Controlled studies have been unable to prove that drugs such as cidofovir (CDV), cytosine arabinoside (Ara-C), and mefloquine, are consistently efficacious in the treatment of PML . However, early restoration of the immune system is important to control JCV replication, as supported by poor prognosis in patients with low T cell counts and high copy numbers of CSF JCV DNA at diagnosis. Also, it has been shown that CD4-ATP concentration, a marker of T-cell function, inversely correlates with risk of JCV infections in immunocompromised patients . Early use of antiretroviral therapy improves survival, but this is complicated by the development of IRIS. IRIS presents as paradoxical neurologic deterioration in the setting of immune reconstitution. IRIS can develop simultaneously with PML or after the initiation of antiretroviral therapy. PML-IRIS develops in up to18% of HIV patients with PML. In IRIS typical lesions enhance with contrast due to breakdown of the blood brain barrier and are associated with significant mass effect. Histopathology demonstrates severe inflammatory and demyelinating lesions with CD8-positive T lymphocyte and macrophage infiltration .

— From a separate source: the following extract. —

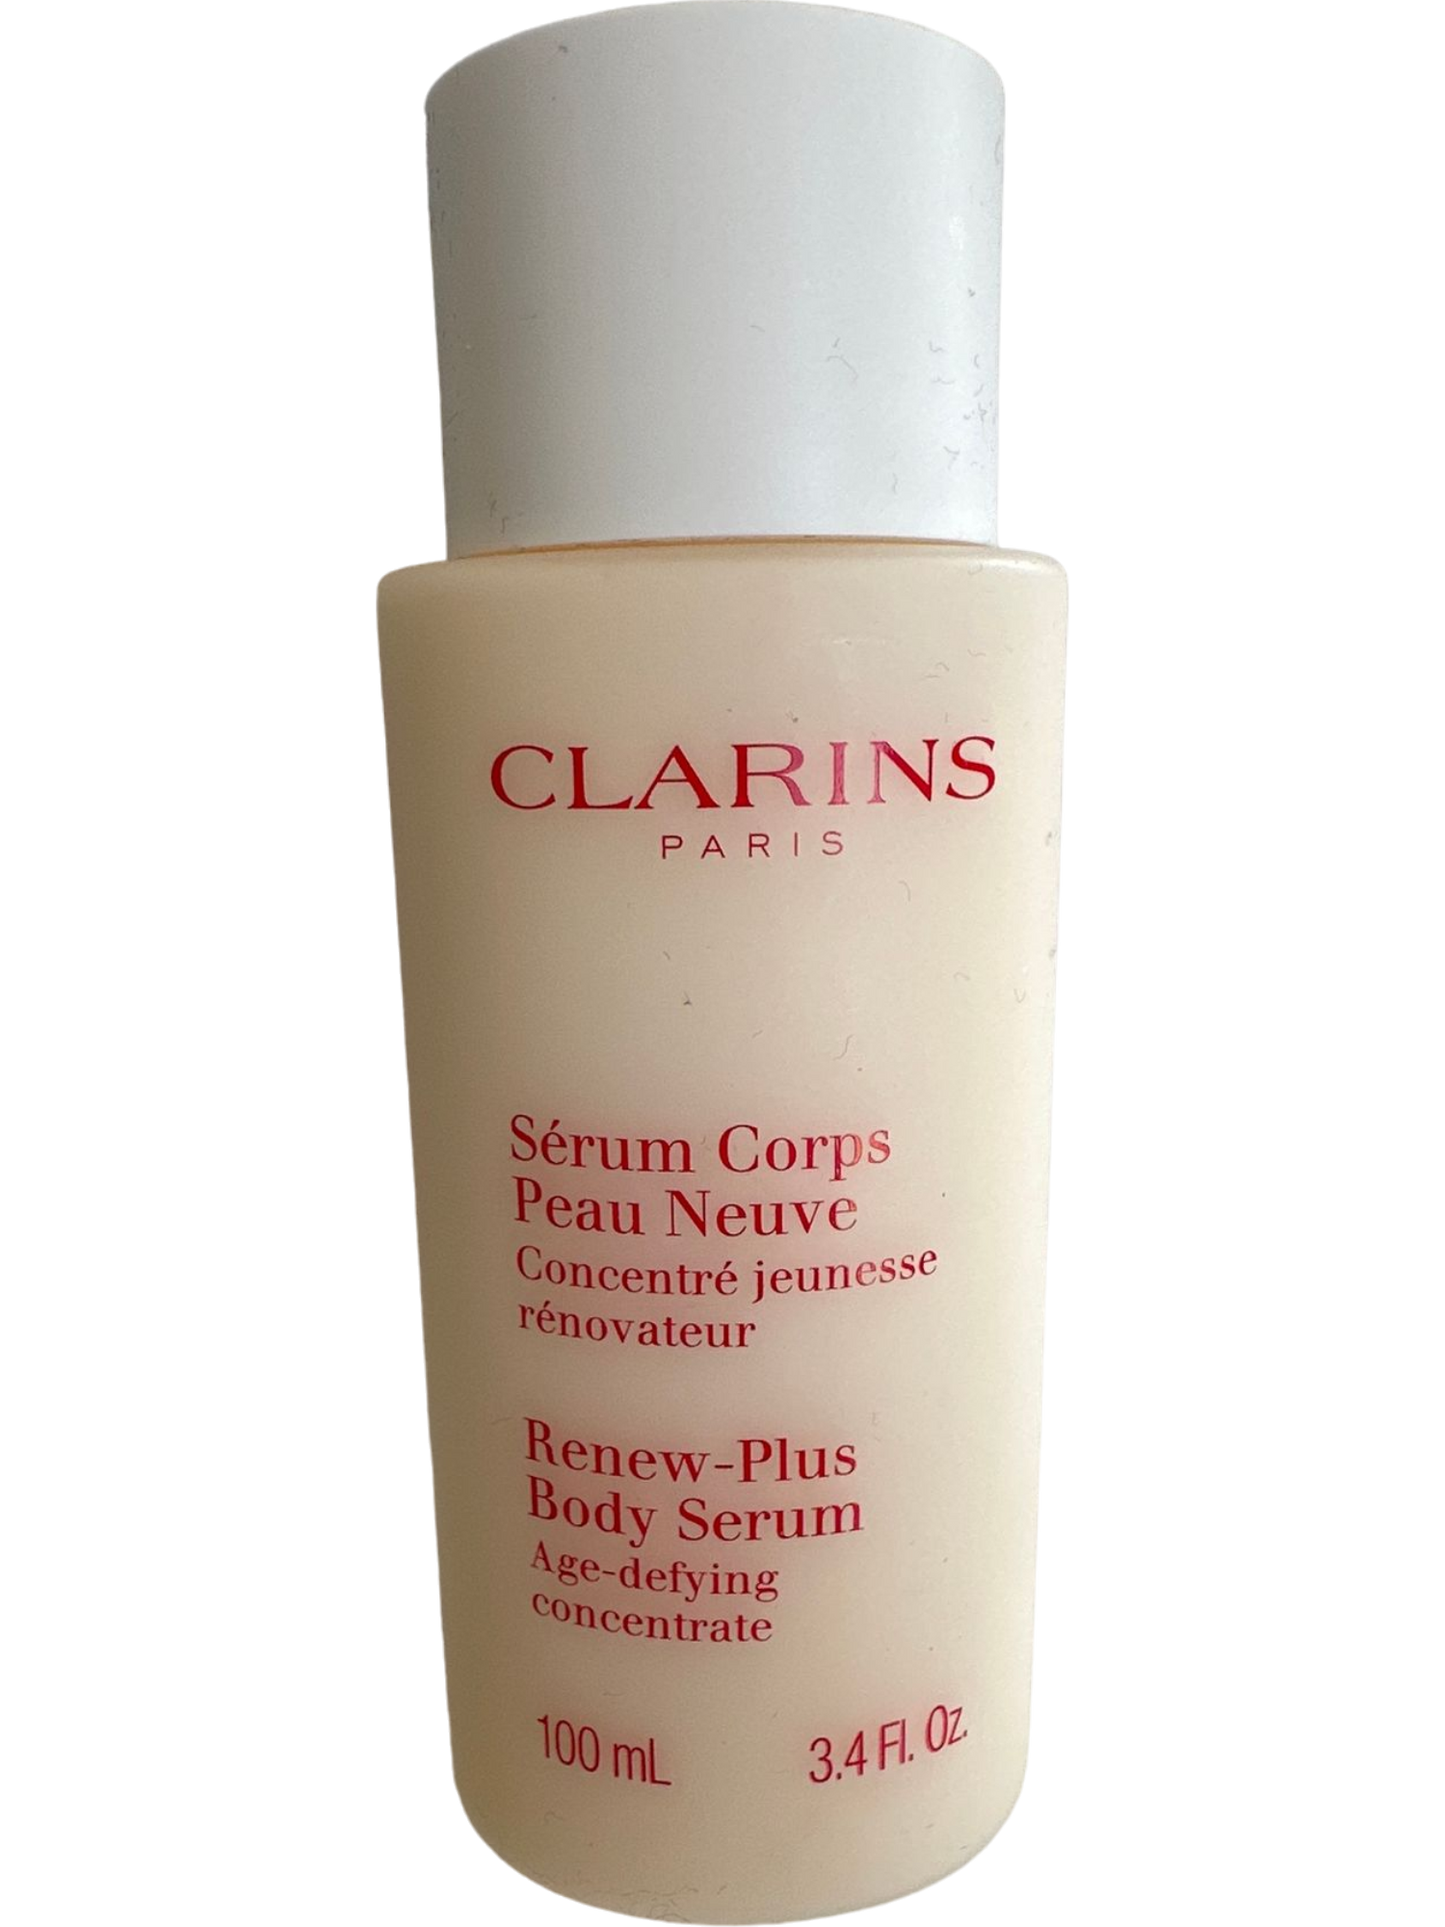 Clarins Paris Renew-Plus Body Serum Age-defying Concentrate 100 ml
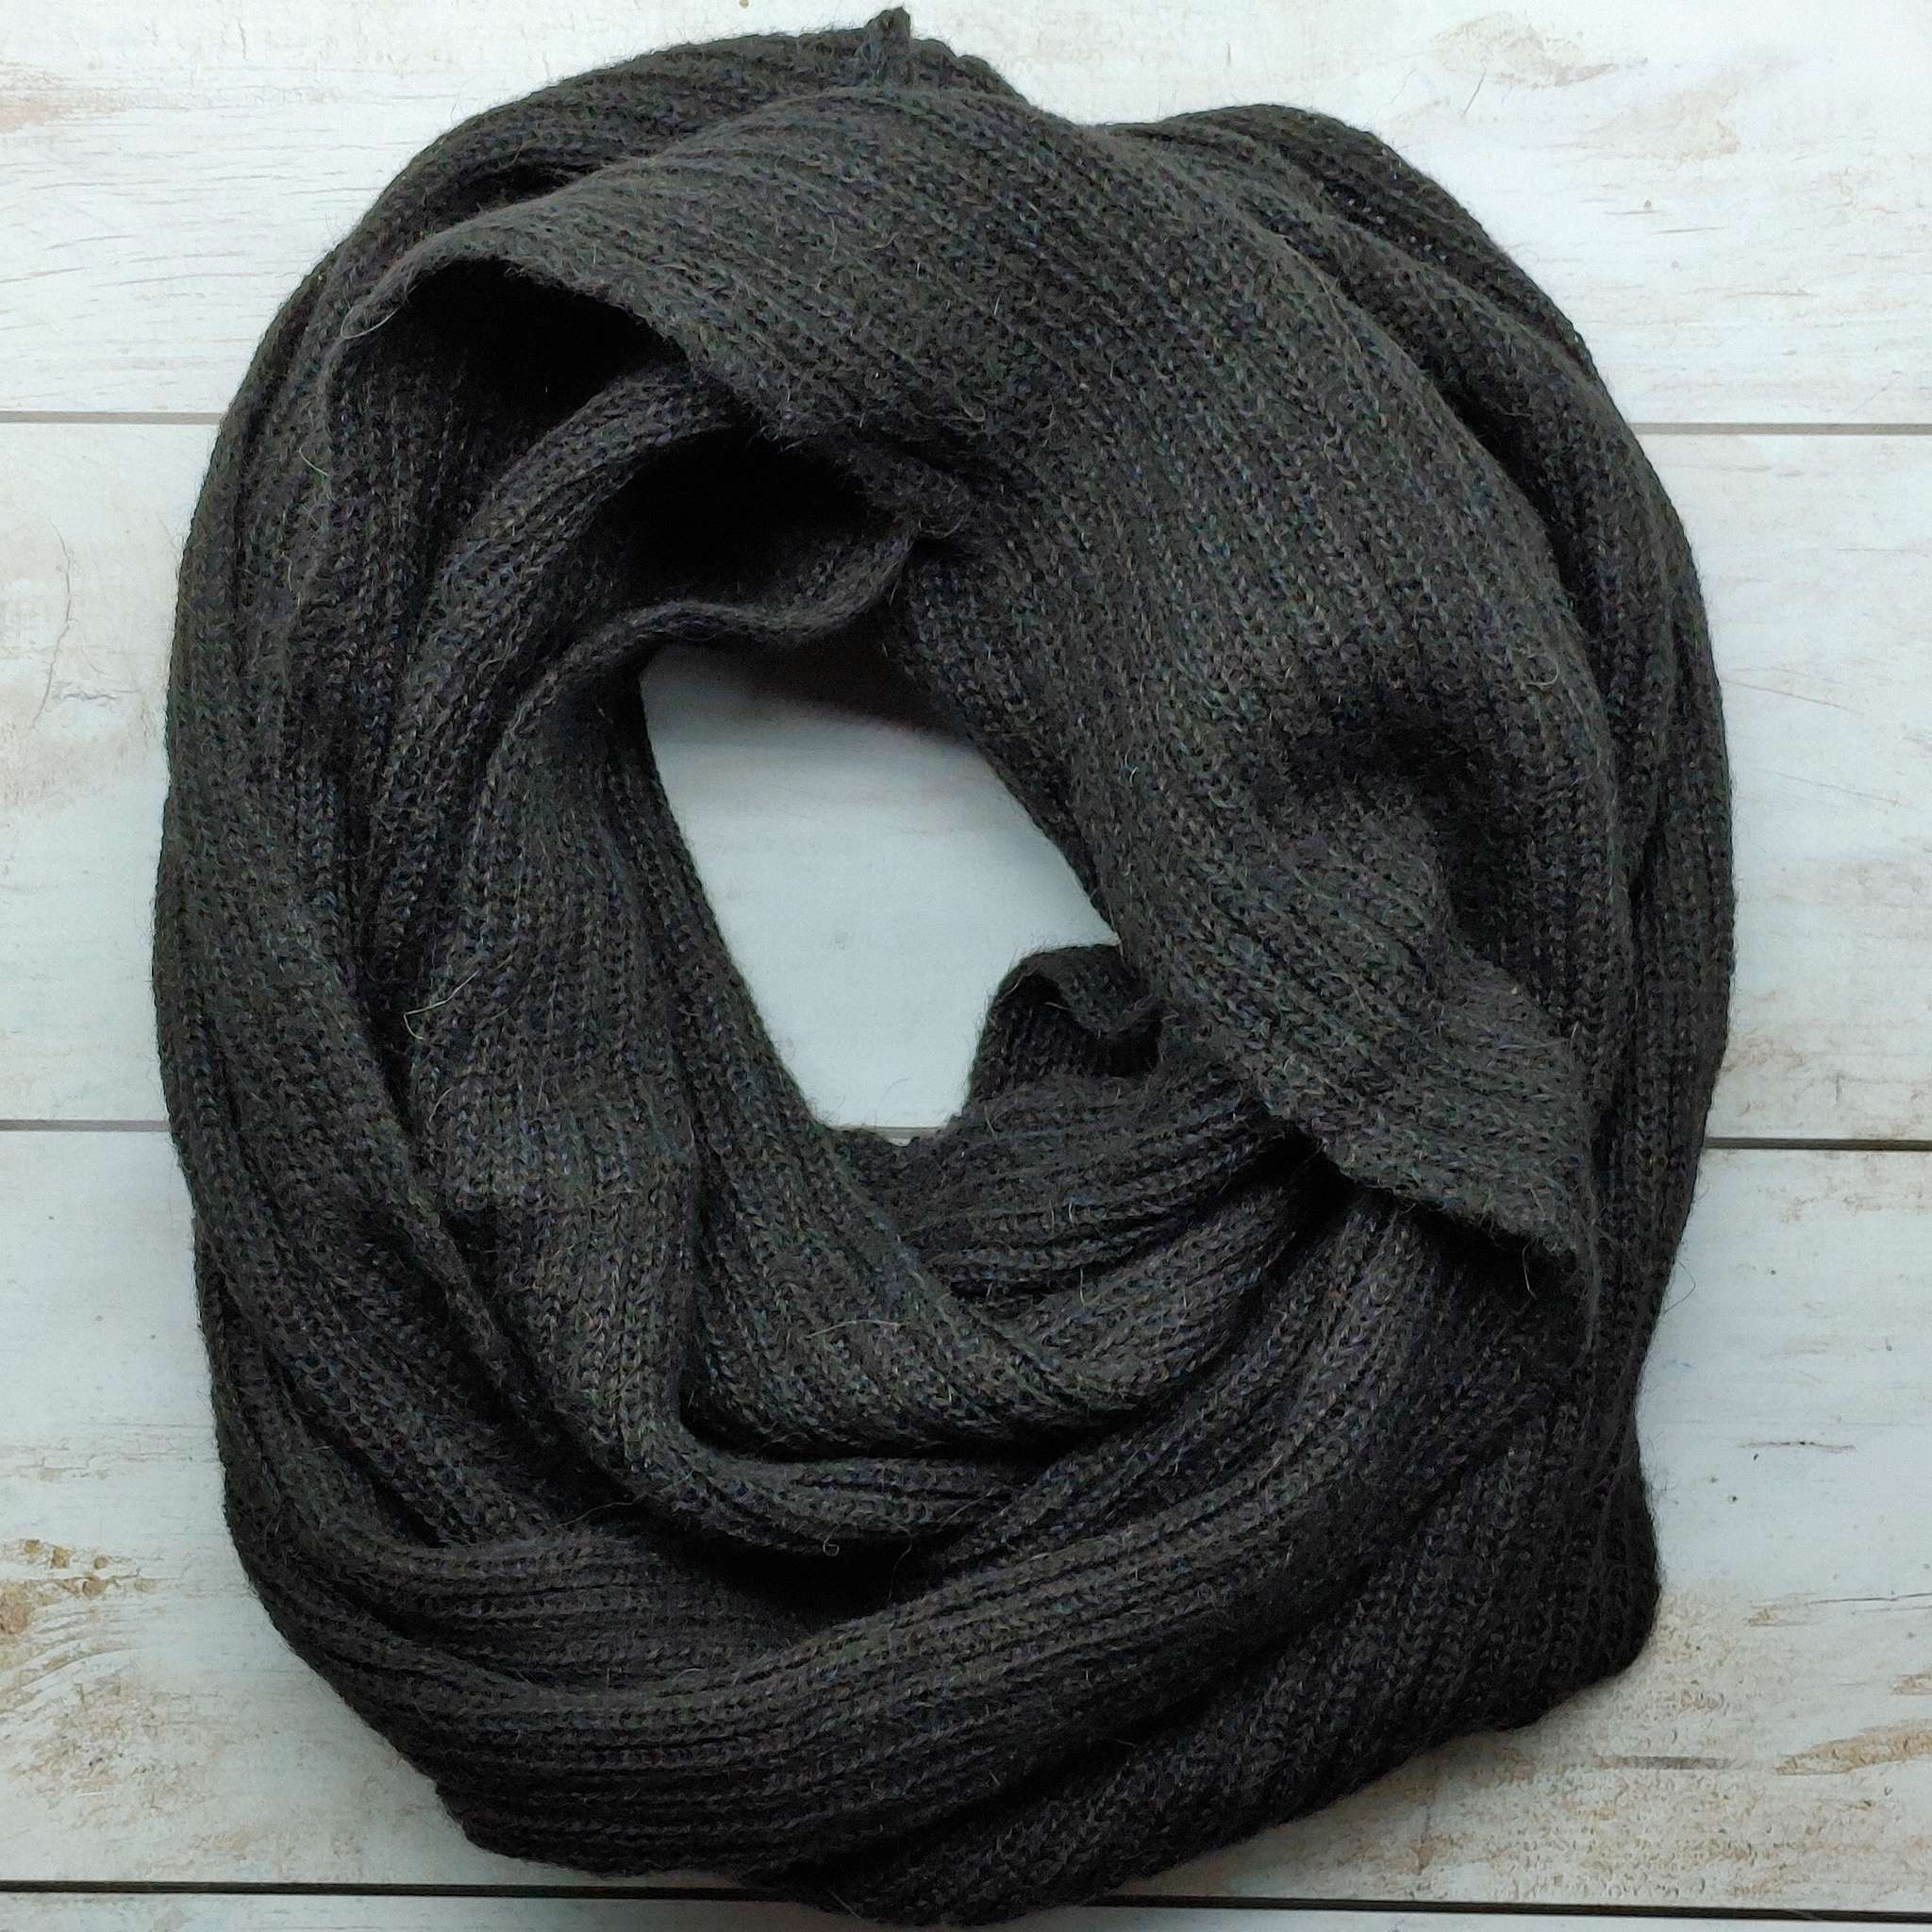 Infinity scarf made from Alpaca fibre

Neurologic deterioration in PML patients in the context of HIV infection therefore may be due to progressive PML despite successful treatment of the HIV infection or be the result of IRIS. MRI monitoring may define the specific cause for the worsening clinical picture. In the case of IRIS, timely steroid therapy may induce neurologic recovery. Our case showed MRI stable lesions and minimal histopathologic evidence for acute inflammation, in contrast to known pronounced inflammation in previous reports of PML IRIS.
The case described herein has multiple interesting aspects. First, HAART therapy resulted in decreased HIV virus levels, without corresponding improvement in immune function as measured by serial T-cell counts. In addition, our patient’s clinical deterioration was not associated with evidence of increased white matter disease or destruction on serial MRI scans of the brain. Furthermore, at autopsy, minimal CNS inflammation was noted histopathologically. Despite the introduction of antiretroviral therapy, which has led to a substantial decrease in opportunistic infections in HIV infected patients, the incidence of PML, a disease that carries high mortality, decreased as much as would be expected. Better familiarity with the features specific to CNS disease progression as opposed to IRIS progression in PML patients could aid in earlier detection of the cause of neurological deterioration in these patients and earlier start of appropriate management. This would be particularly relevant when effective anti- JCV infection treatment becomes available.